Association between MAPK pathway gene dependencies and mRNA transcription profiles following MAPK pathway inhibitor treatment

From the Gene Expression Omnibus (GEO; https://www.ncbi.nlm.nih.gov/geo/query/acc.cgi?acc=GSE101406), we obtained mRNA transcription responses profiled by the LINCS project80 for six cancer cell lines after small molecule inhibitor perturbations. The elements of these data include the names and concentrations of the anti-cancer drugs used to treat the six cell lines and the mRNA transcription responses following drug treatment. Next, we used the Connective Map toolbox81 in MATLAB to retrieve only the cancer cell lines with corresponding dose-response profiles in the GDSC and CCLE database to the seven MAPK pathway inhibitors that are represented within the LINCS dataset that we retrieved. We found that only the cell lines, MCF7 and A549 when treated with the MEK inhibitors, selumetinib and PD-0325901 were common between the databases. We, therefore, evaluated the MAPK pathway mRNA transcription signatures that occur after selumetinib and PD-0325901 treatment in these two cell lines cognisant of the fact these cell lines have different dose-response profiles to selumetinib and PD-0325901 (see Fig. 7 and Supplementary Fig. 7).
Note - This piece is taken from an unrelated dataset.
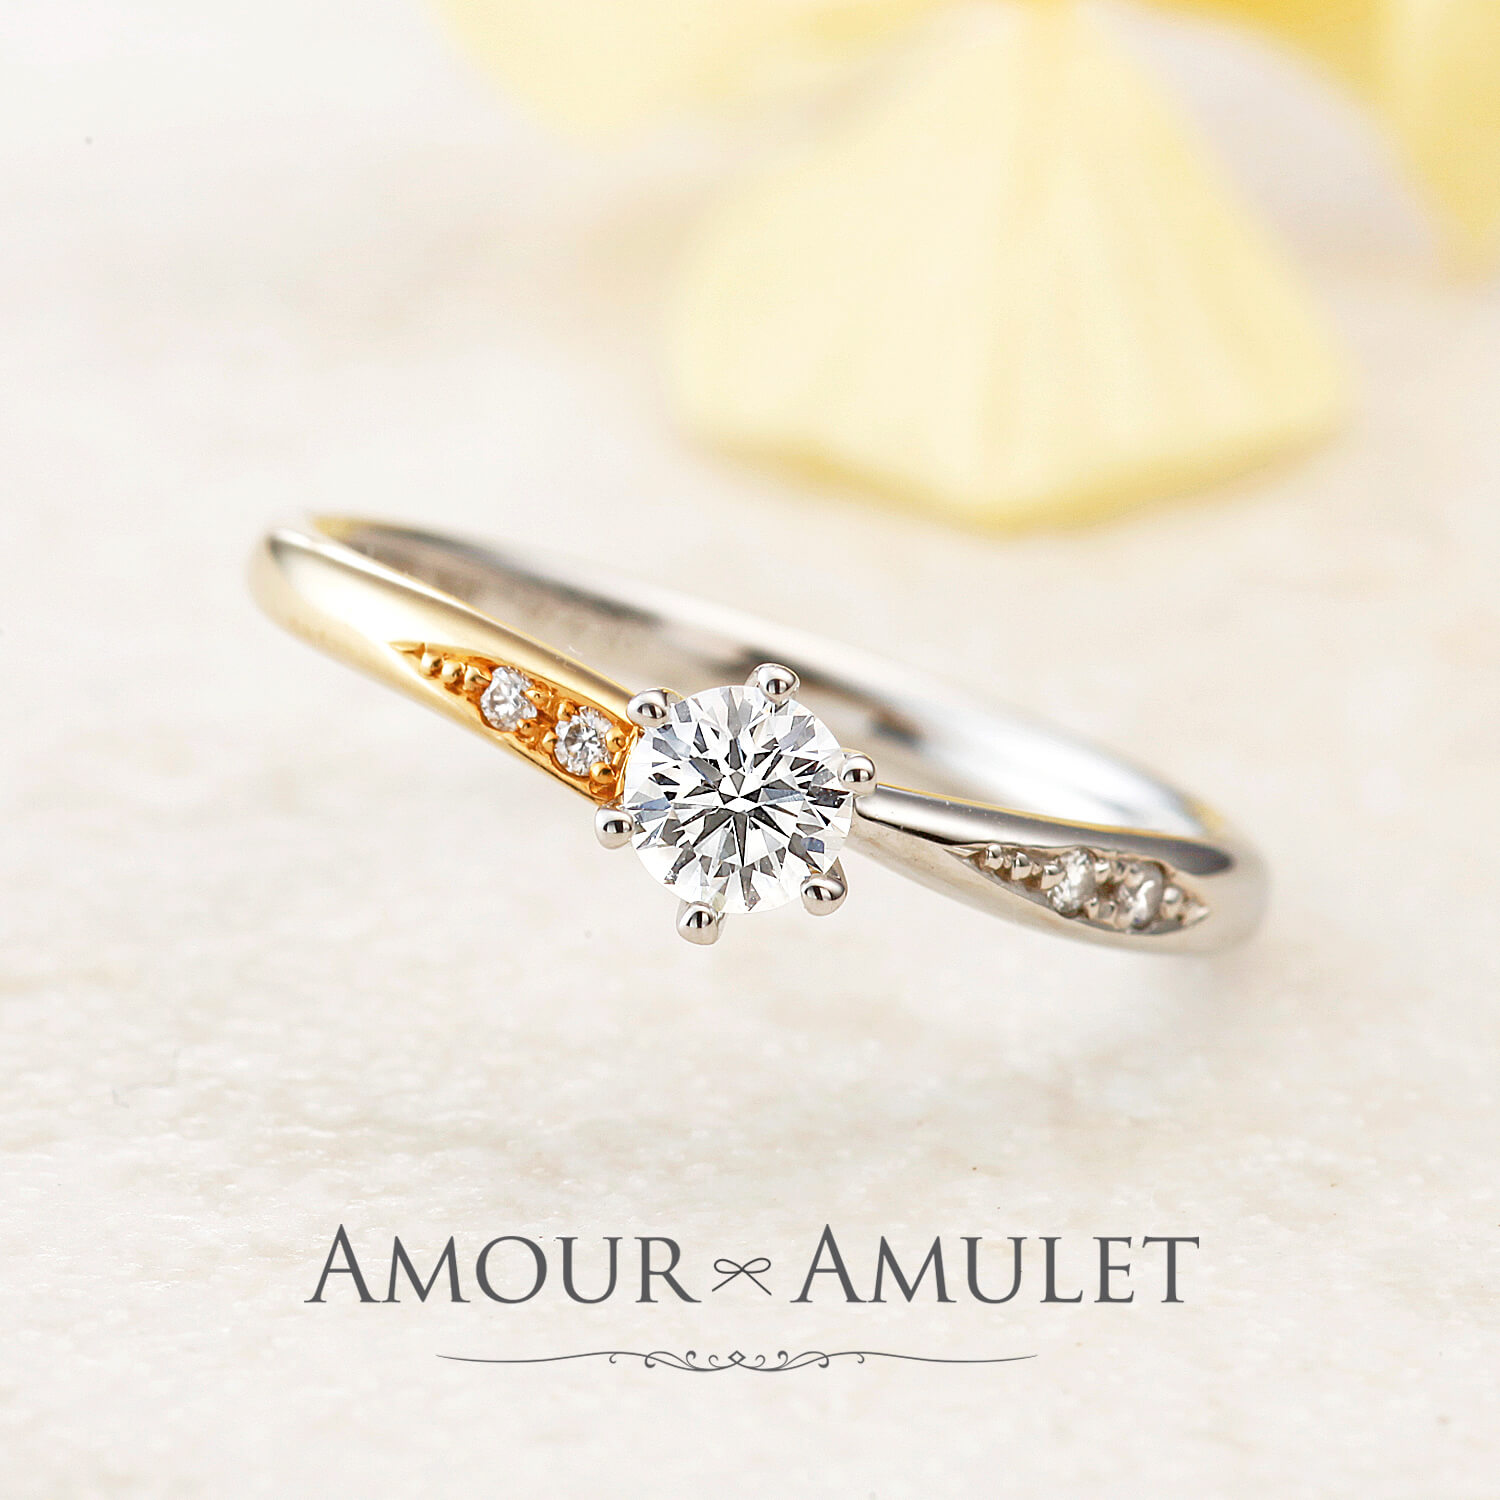 AMOURAMULETアムールアミュレットの婚約指輪INFINITEアンフィニテ

Statistics and reproducibility

We performed all statistical analyses in MATLAB 2019b. Where appropriate, we used the independent sample Student t-test, Welch test, the Wilcoxon rank-sum test and the one-way Analysis of Variance to compare groups of continuous variables. All statistical tests were considered significant if the returned two-sided p-value was <0.05 for single comparisons. Correcting for the multiple hypotheses test was done by calculating a two-sided q-value (false discovery rate) for each group/comparison using the Benjamini & Hochberg procedure.

Ethics approval

The study protocol was approved by The University of Cape Town; Health Sciences Research Ethics Committee IRB00001938. The publicly available datasets were collected by the cBioPortal, TCGA, CCLE, Achilles, GDSC, and LINCS projects and made available via their respective project databases. The methods used here were performed following the relevant policies, regulations and guidelines provided by the TCGA, CCLE, DepMap, GDSC, and LINCS projects.

Reporting summary

Further information on research design is available in the Nature Research Reporting Summary linked to this article.